Extracted records
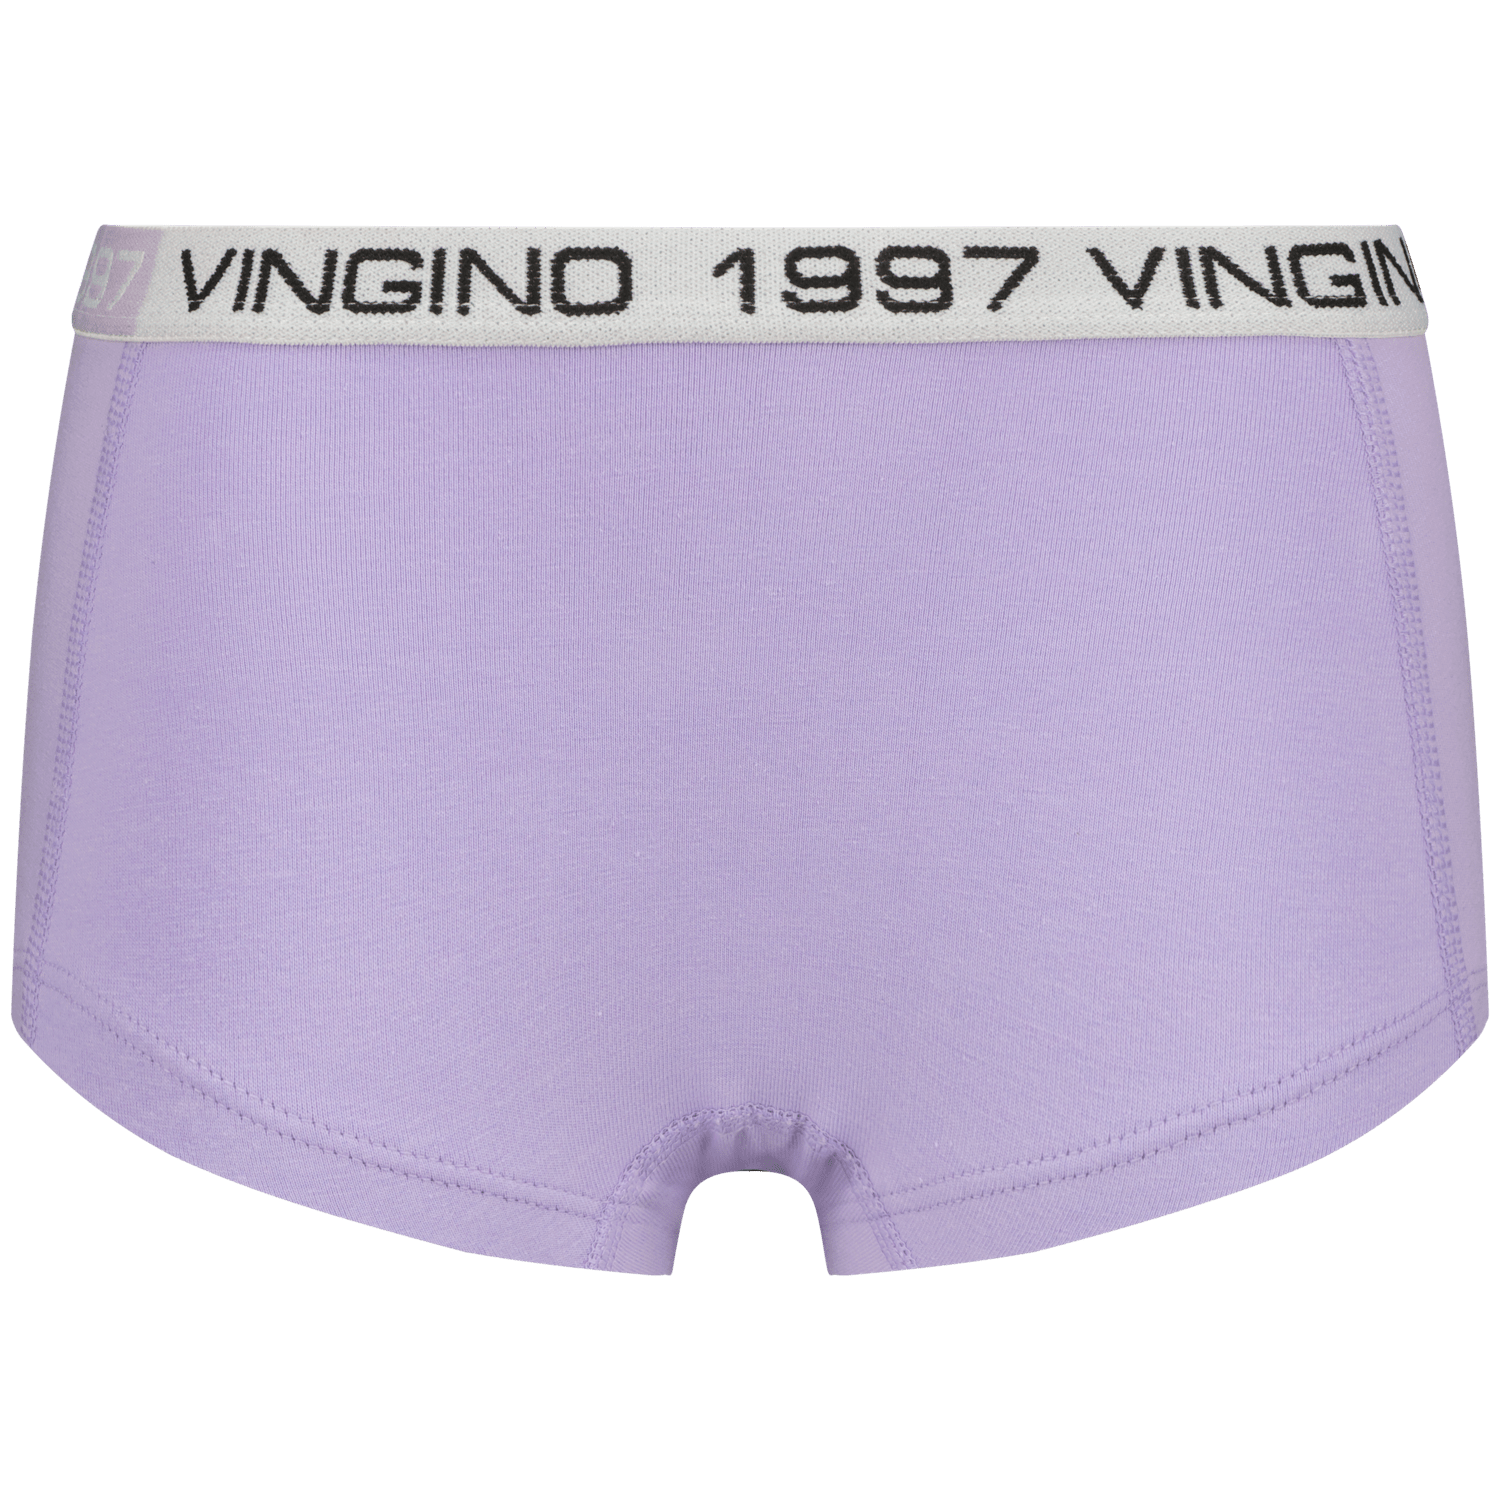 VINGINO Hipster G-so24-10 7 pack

--

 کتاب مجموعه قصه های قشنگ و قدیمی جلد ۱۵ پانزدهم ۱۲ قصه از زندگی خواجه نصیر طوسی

--

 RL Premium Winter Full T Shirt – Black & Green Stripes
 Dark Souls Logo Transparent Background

What the task asks
Nothing but the lines above from the one containing "RL Premium Winter" through the one containing "Dark Souls Logo Transparent Background" should appear in the answer, each repeated exactly.

Response to the exercise
 RL Premium Winter Full T Shirt – Black & Green Stripes
 Dark Souls Logo Transparent Background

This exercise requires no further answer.